_What this task involves_
Keep only the lines of the data below that contain "freckles", and copy them.

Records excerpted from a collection
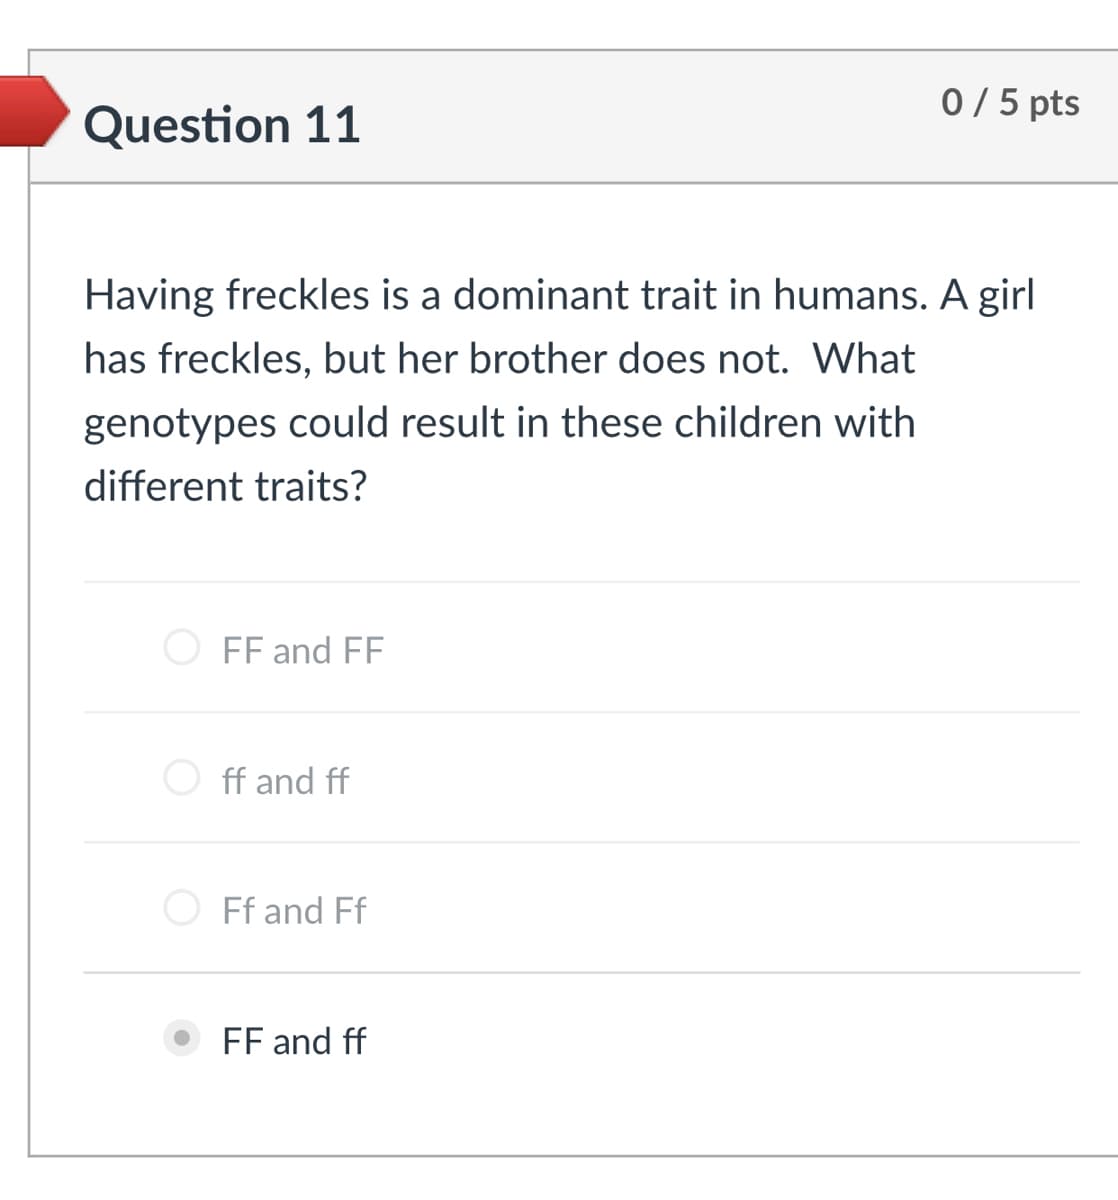 0 / 5 pts
Question 11
Having freckles is a dominant trait in humans. A girl
has freckles, but her brother does not. What
genotypes could result in these children with
different traits?
FF and FF
ff and ff
Ff and Ff
FF and ff

_Finished task_
Having freckles is a dominant trait in humans. A girl
has freckles, but her brother does not. What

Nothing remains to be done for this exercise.